During the early stages of an atmospheric release, limited information may be available on the exact location or time of the release, the quantity of material emitted, the dispersal mechanism, or other source characteristics. This results in uncertainties and potential inaccuracies in initial atmospheric dispersion predictions. As the event progresses, aerial and ground-based measurements of air concentration or deposition can be used to perform source term estimation and refine model inputs and products.
NARAC has developed capabilities that allow expert users to efficiently utilize field measurement data to improve dispersion predictions. Software tools are available to rapidly acquire, quality assure, filter, and process multiple types of field data. Additional capabilities allow scientists to rapidly produce a suite of model predictions developed from a range of physically-realistic source term assumptions, compare the results using graphical and statistical metrics, and select the prediction(s) that provides the best agreement with the data.

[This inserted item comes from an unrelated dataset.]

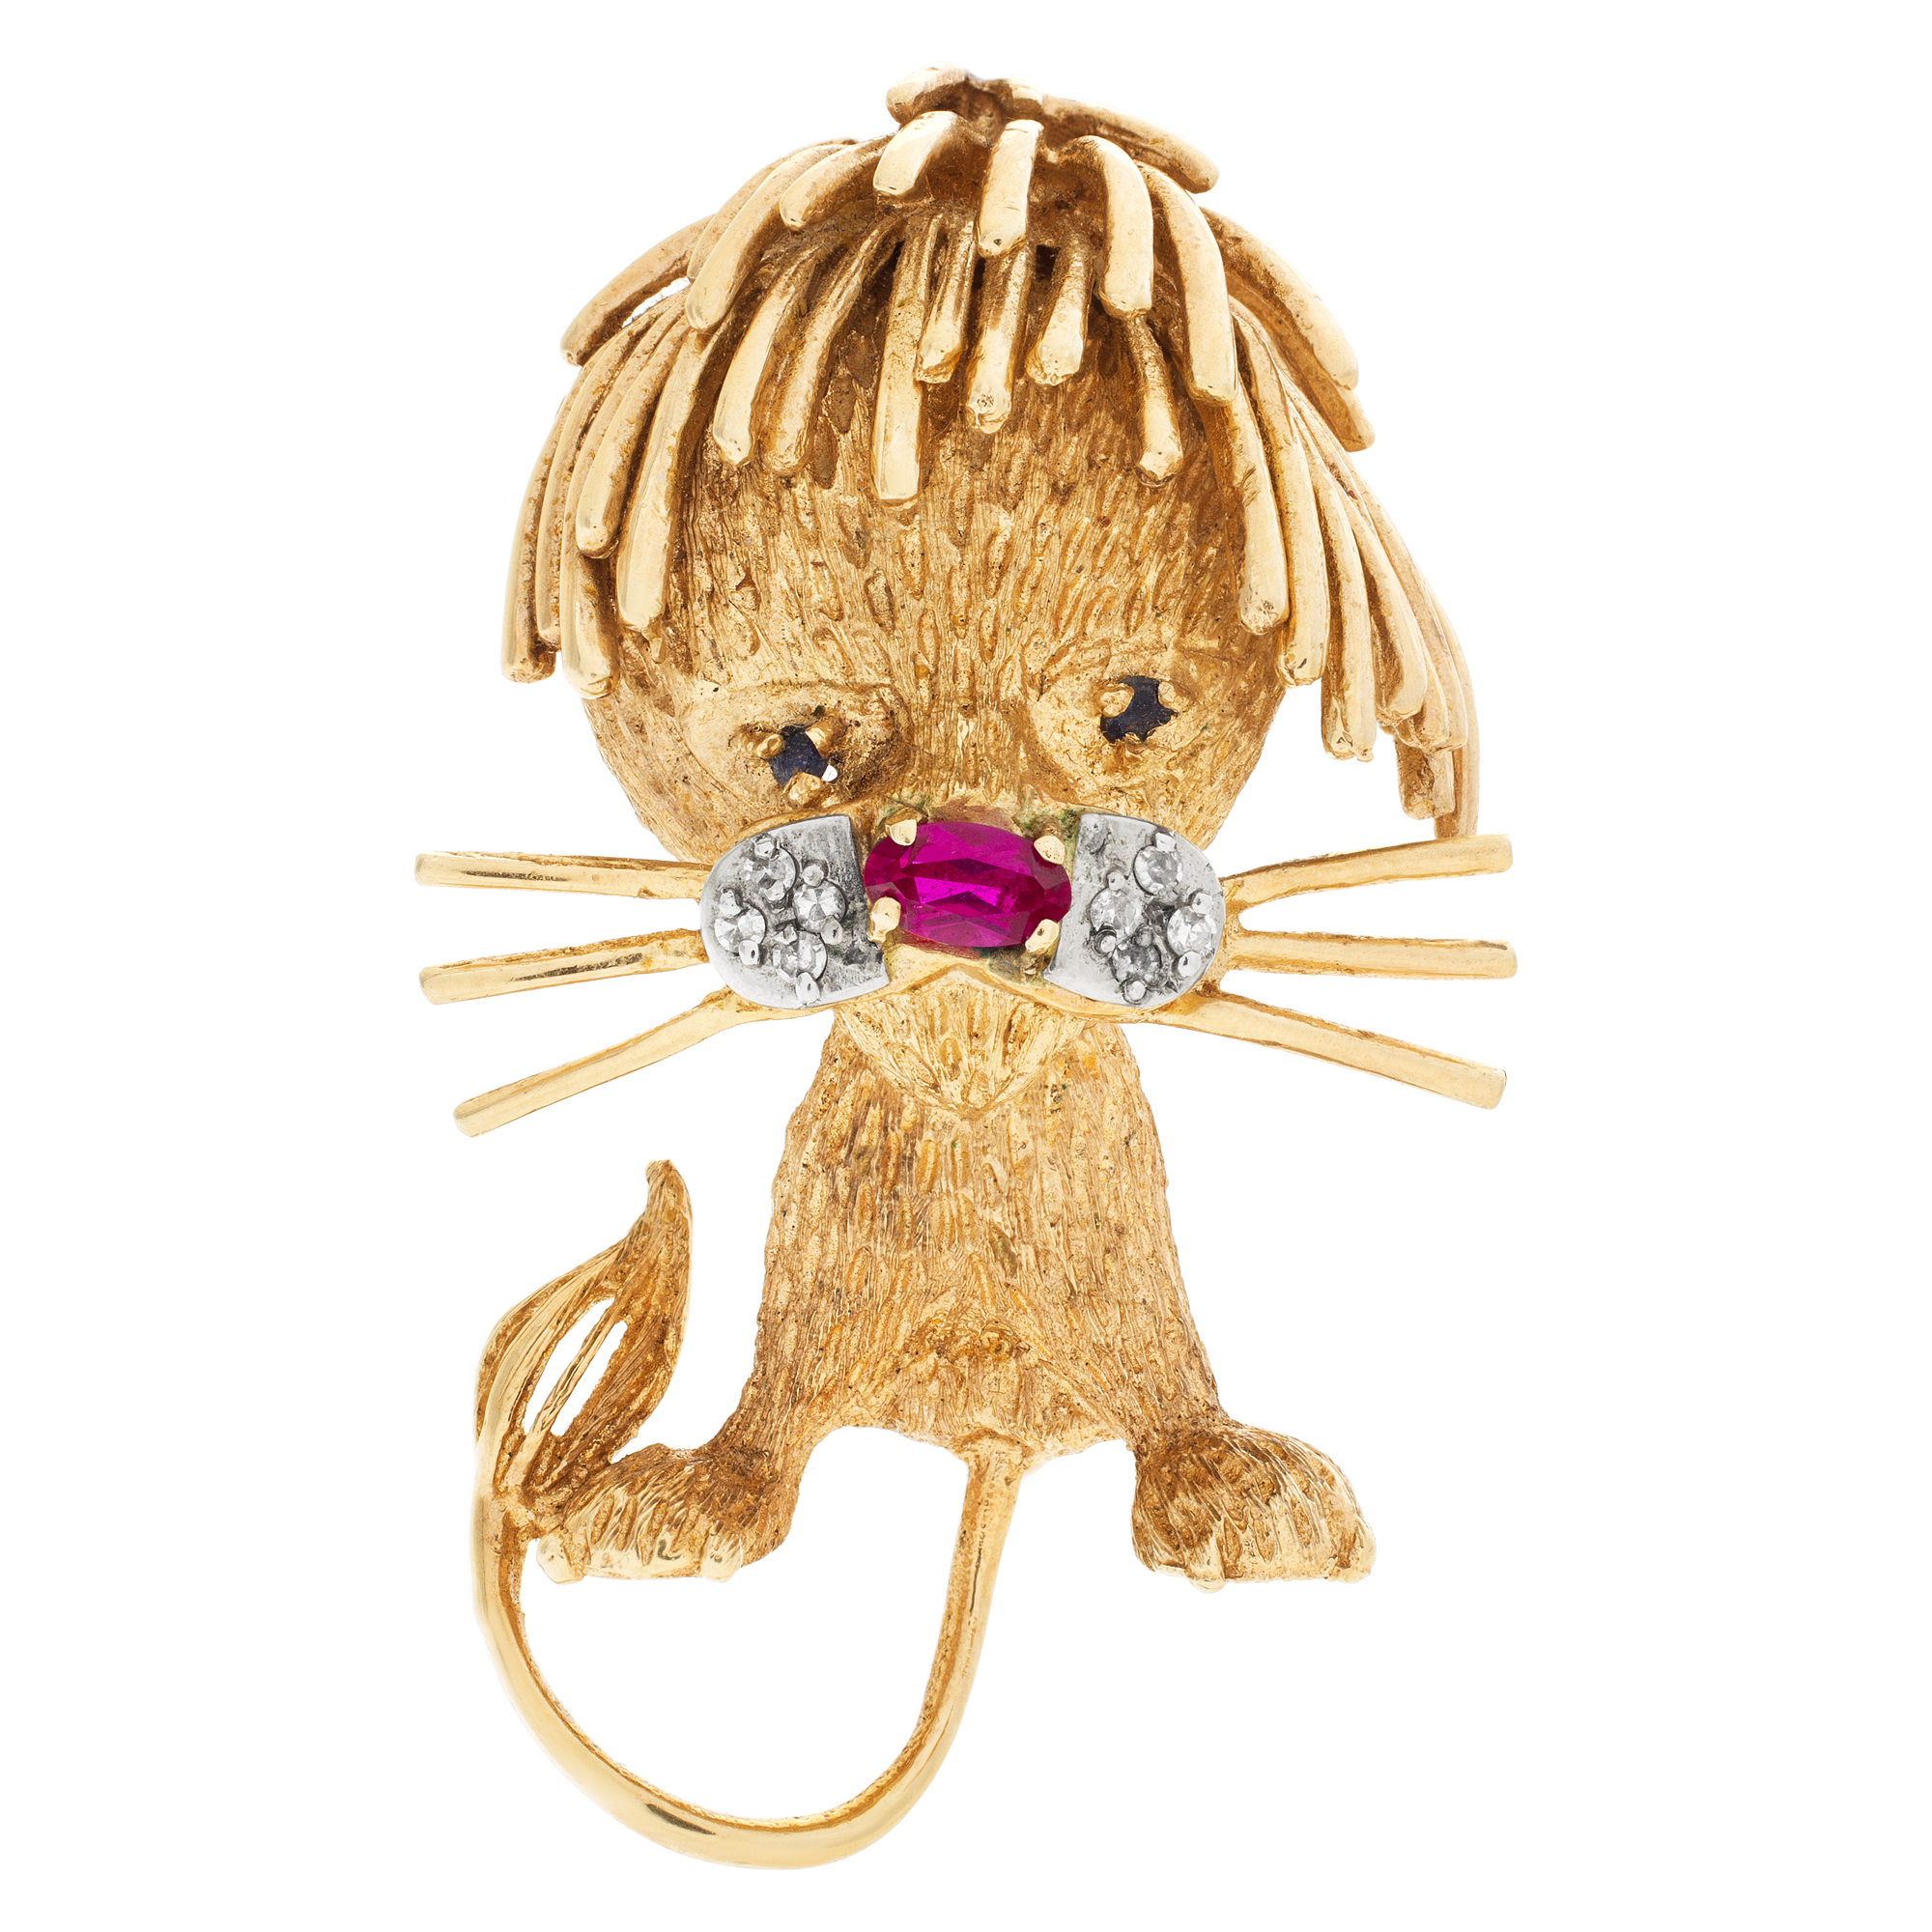 Fancy lion cub brooch in 14k with an oval ruby nose, diamond whiskers and emerald eyes.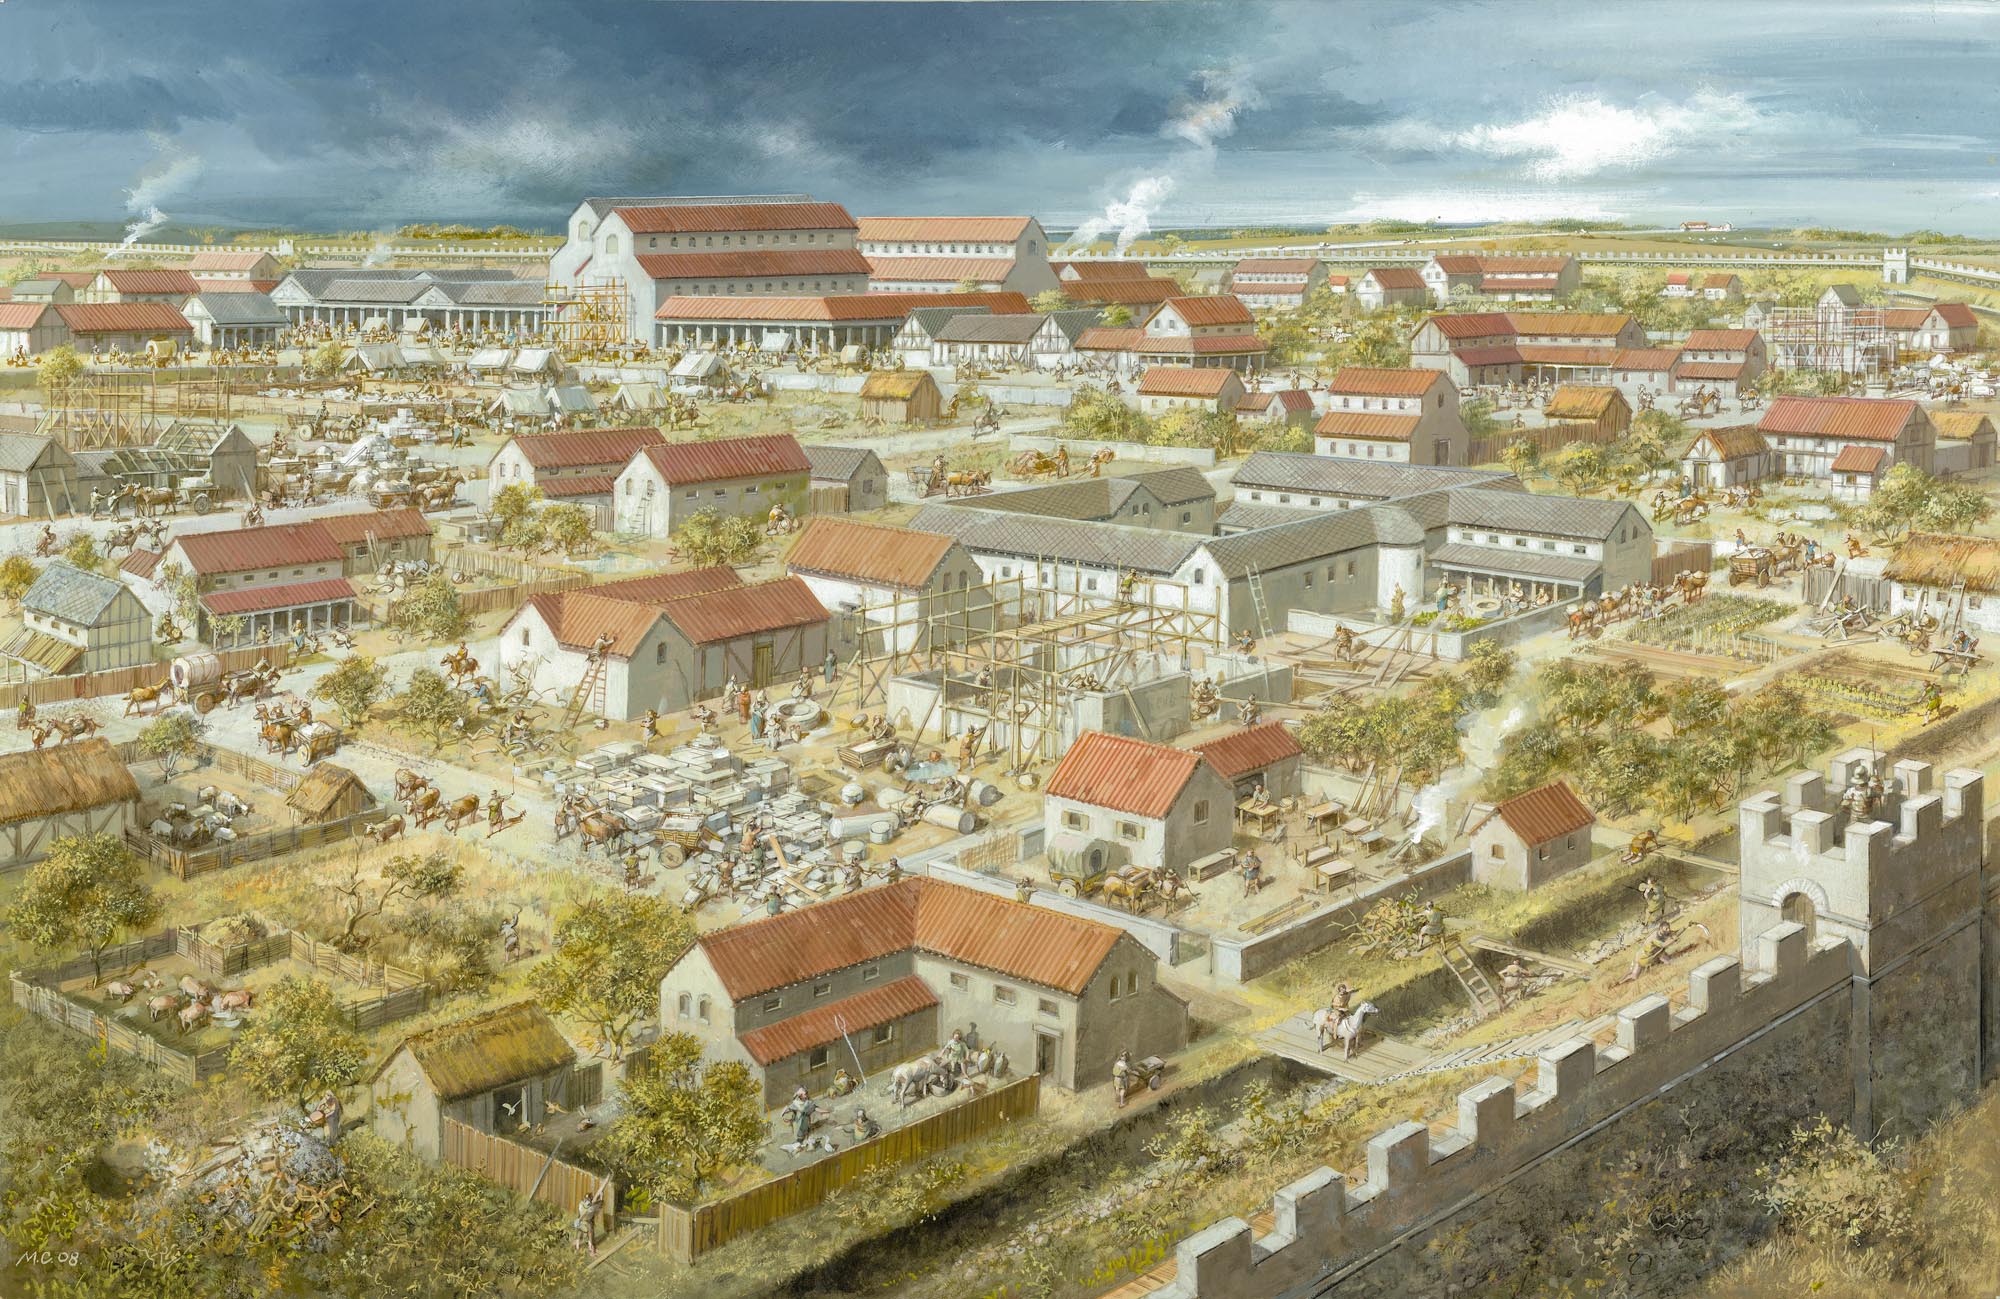 Roman Leicester from the north-east as it may have looked during the late 3rd century CE - Mike Codd  / University of Leicester Archaeological Services

Automation of such tools reduces the time required to conduct model-data analyses.
NARAC has conducted research into the development of a statistically-rigorous source reconstruction capability that combines sensor measurements with advanced models to determine the probabilistic distribution of unknown source term parameters (e.g., location, time, strength) consistent with all known information. The approach is based on Bayesian inference and stochastic sampling techniques such as Markov Chain Monte Carlo (MCMC) and Sequential Monte Carlo (SMC). This data inversion source reconstruction technique has been implemented and testing against field experiment measurements using a variety of dispersion models and scales ranging from urban to continental.